[[ DATASET CONTENT, beginning ]]

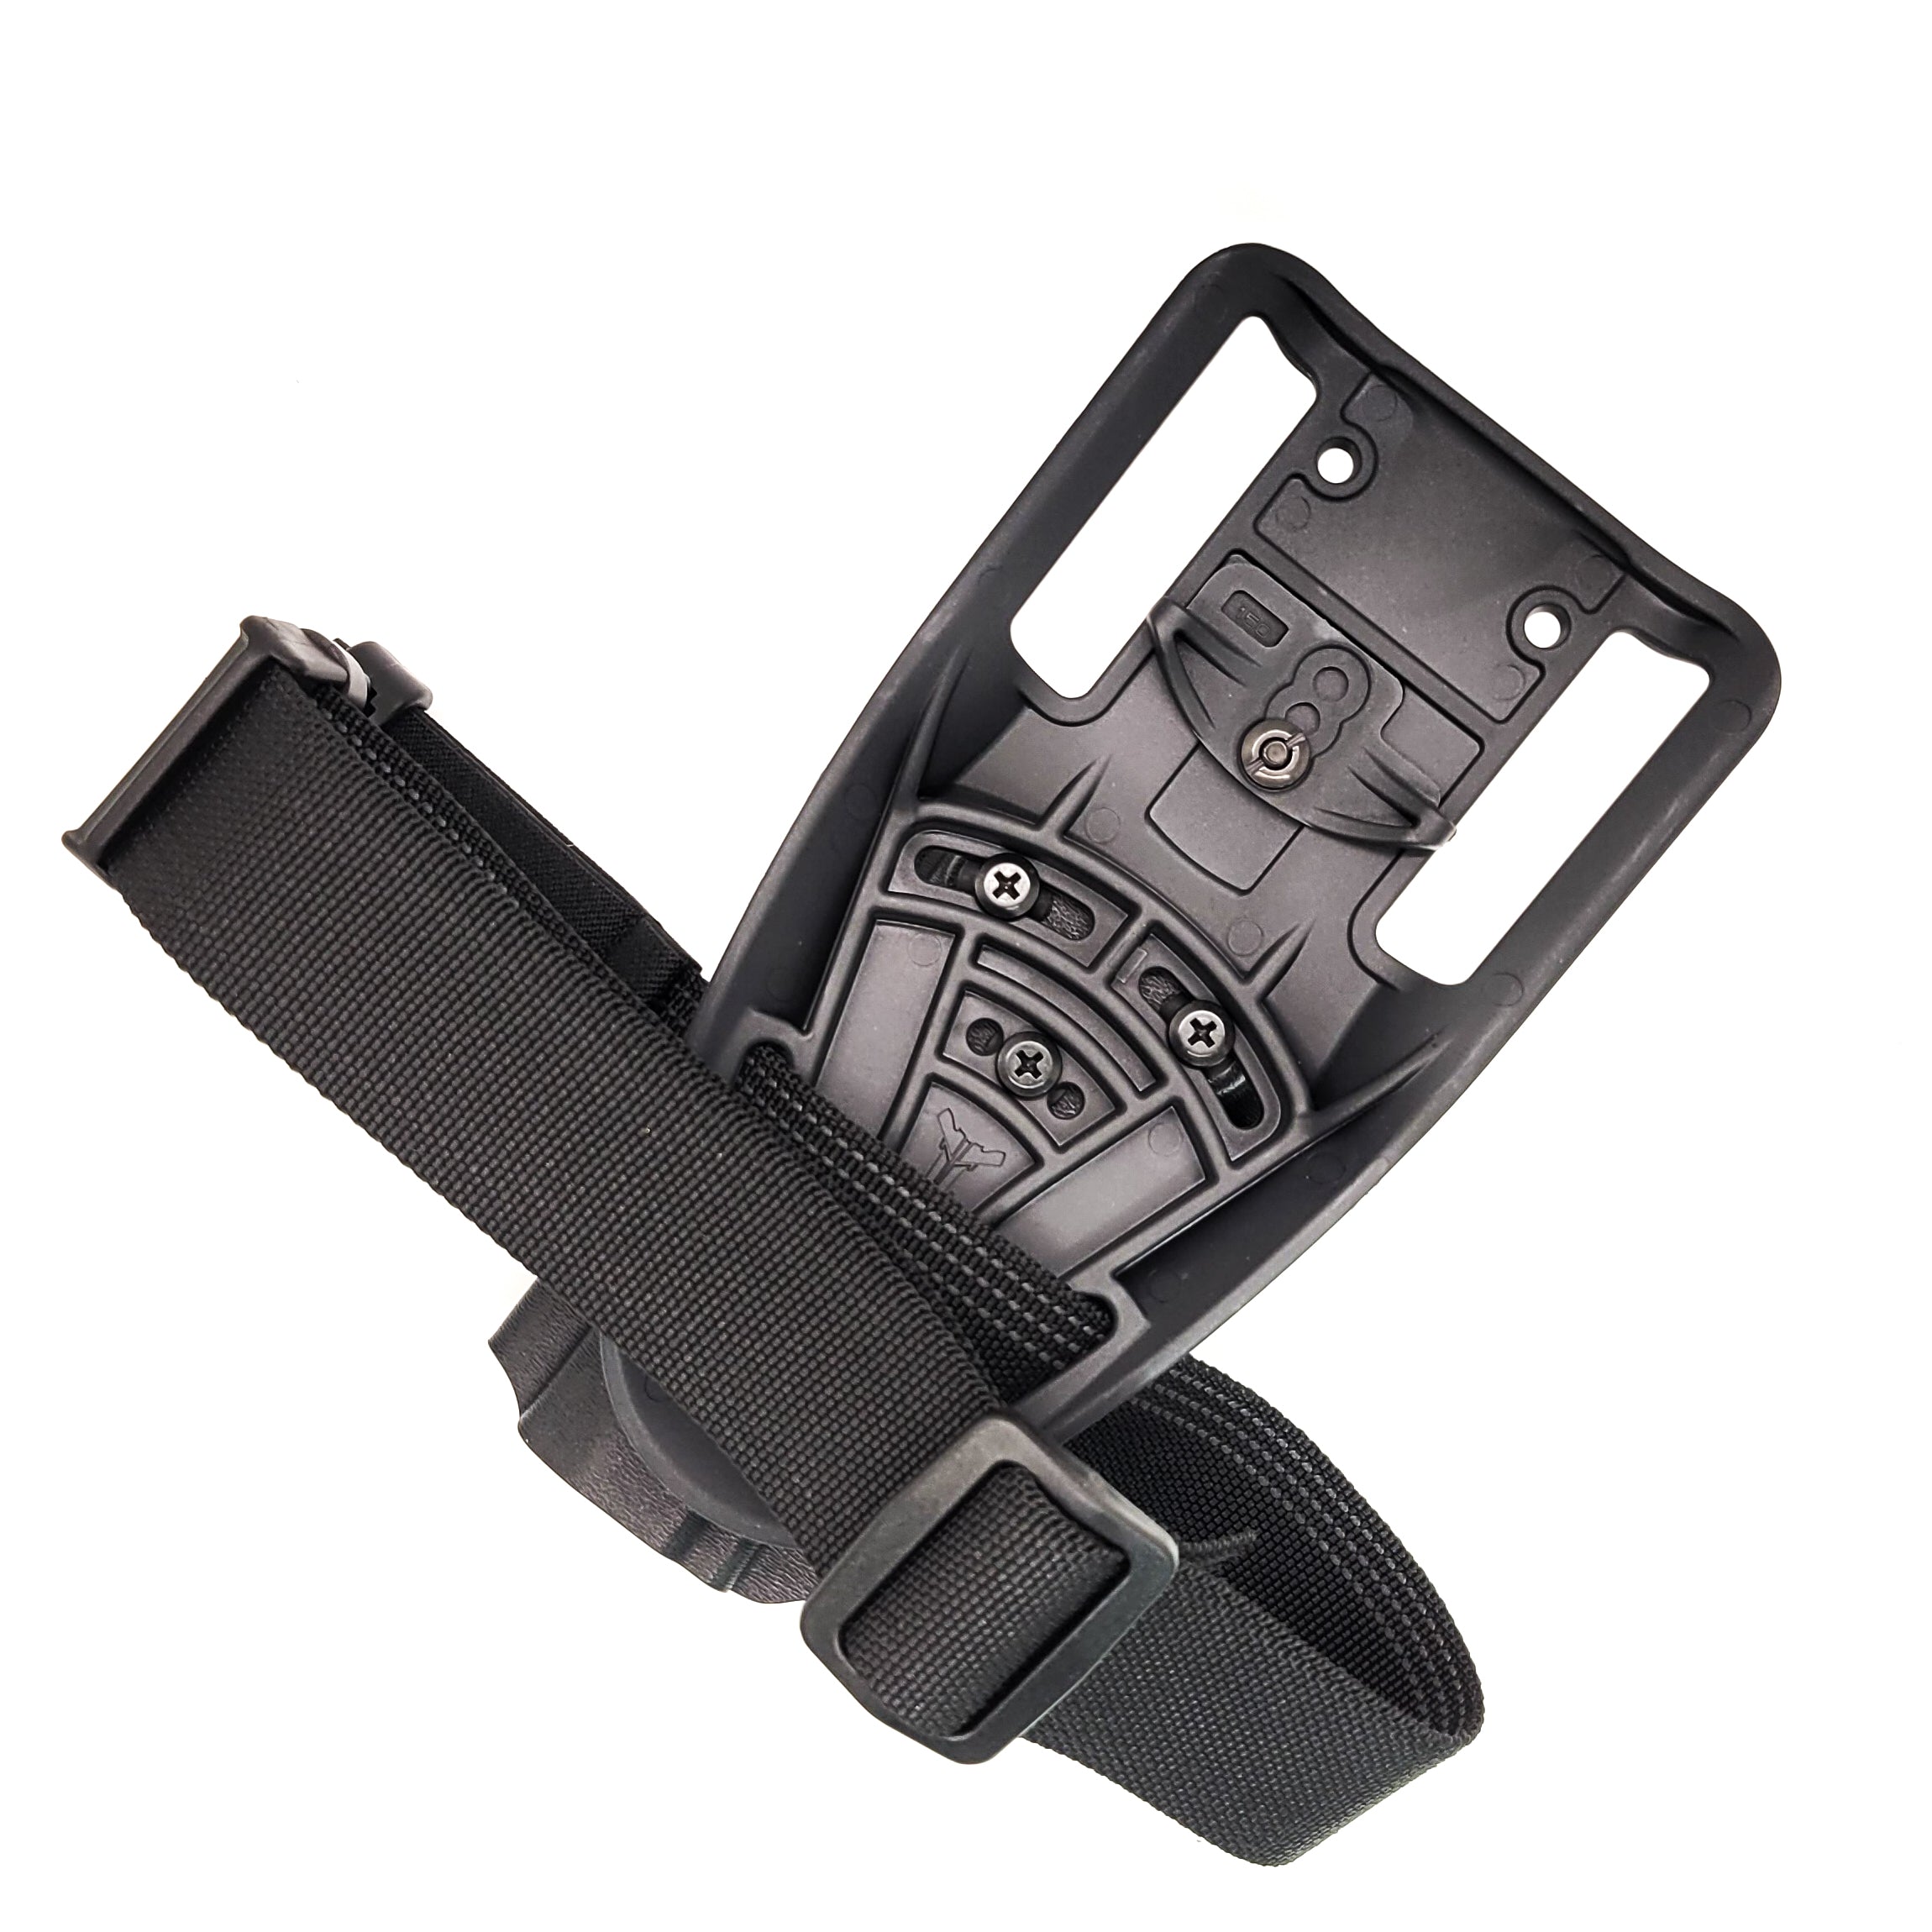 For the best Outside Waistband Duty & Competition Kydex Holster designed to fit the Sig Sauer P365-XMACRO handgun, shop Four Brothers Holsters.  Full sweat guard, adjustable retention, minimal material, and smooth edges to reduce printing. Made in the USA. Open muzzle for threaded barrels, cleared for red dot sights.
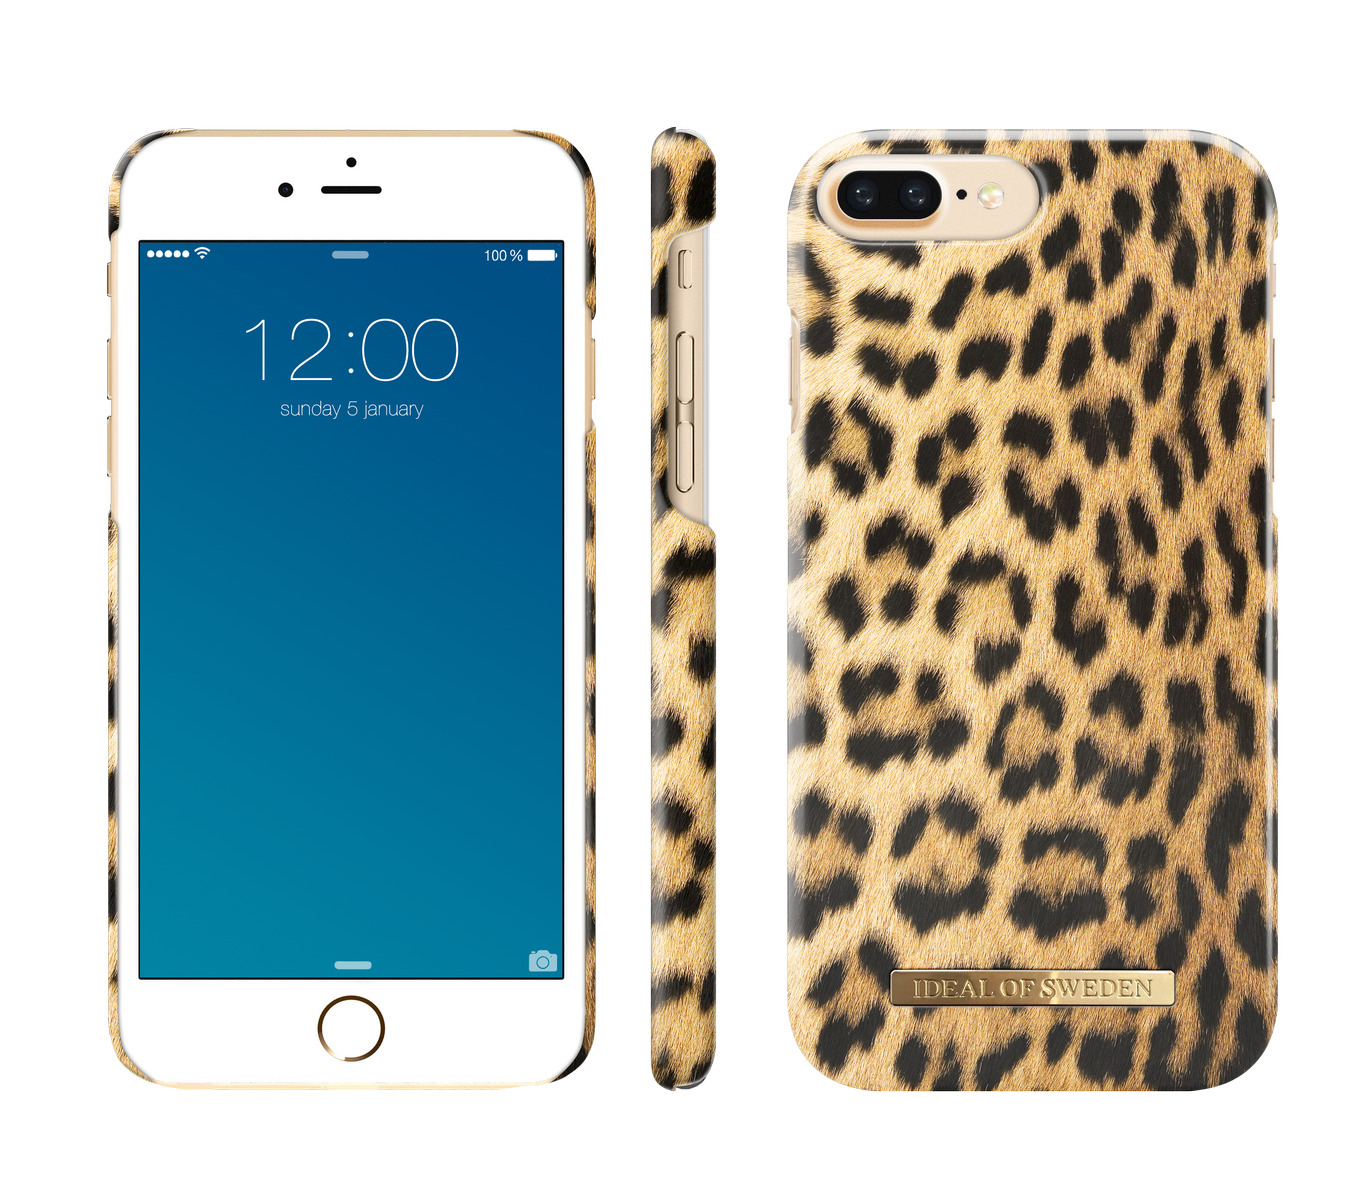 IDEAL OF SWEDEN Fashion, Backcover, Leopard Plus, Plus, 8 iPhone iPhone Wild ,iPhone 7 6 Plus Apple
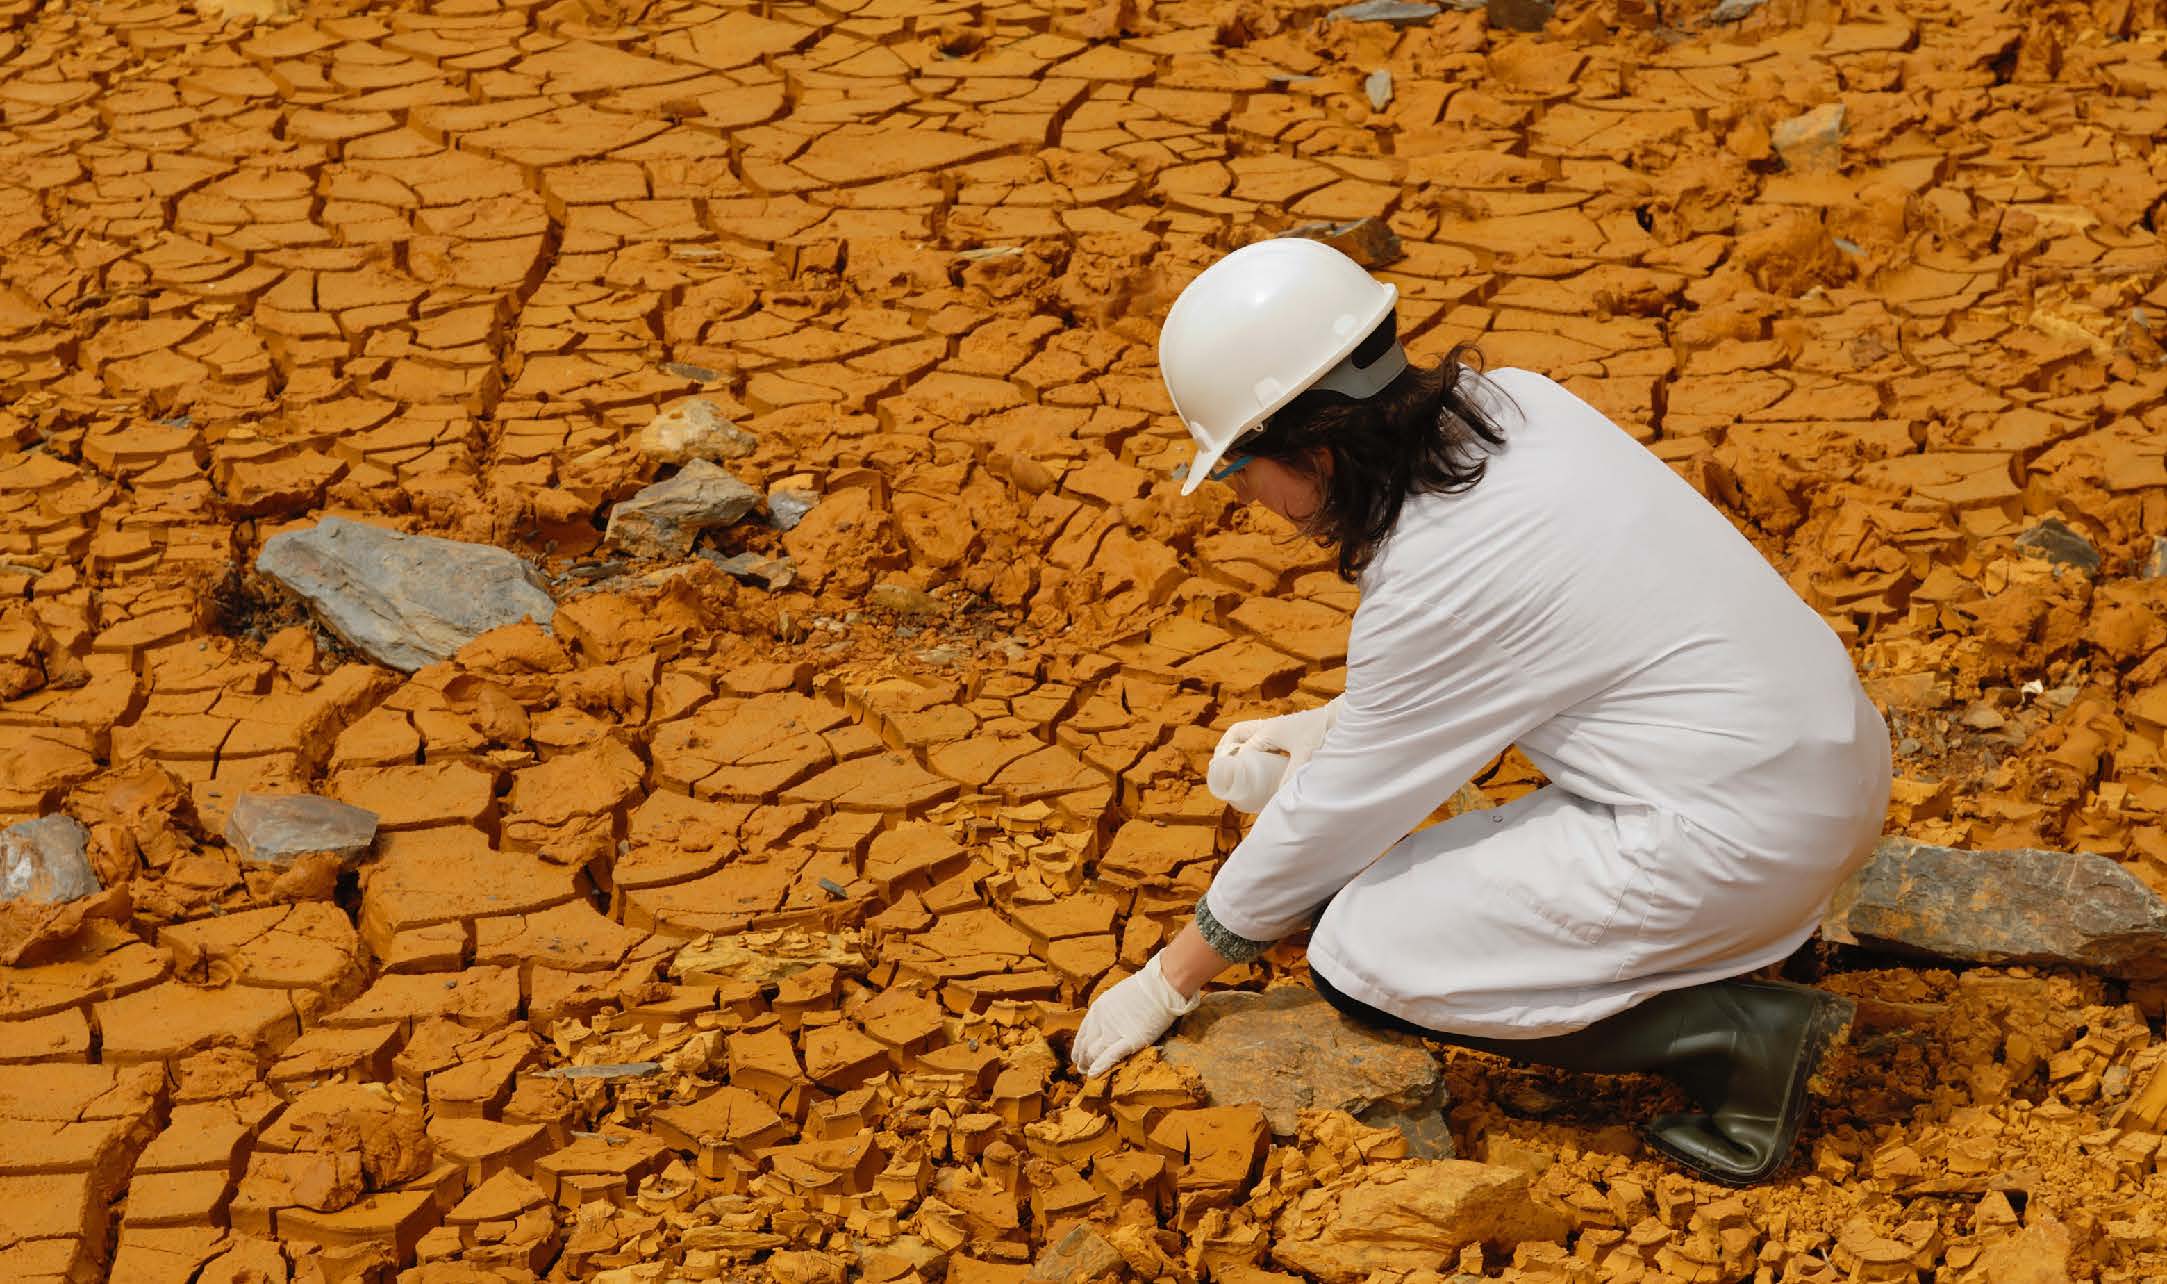 Female climate scientist collecting soil samples in a dry, arrid desert with cracked orange dirt.

[[ DATASET CONTENT, end ]]

--- WHAT IS NEEDED ---
The lines to repeat run from the line containing "IDEAL OF SWEDEN" through the end of the listing above, both included; give them exactly and without pictures.

--- THE ANSWER ---
 IDEAL OF SWEDEN Fashion, Backcover, Leopard Plus, Plus, 8 iPhone iPhone Wild ,iPhone 7 6 Plus Apple
 Female climate scientist collecting soil samples in a dry, arrid desert with cracked orange dirt.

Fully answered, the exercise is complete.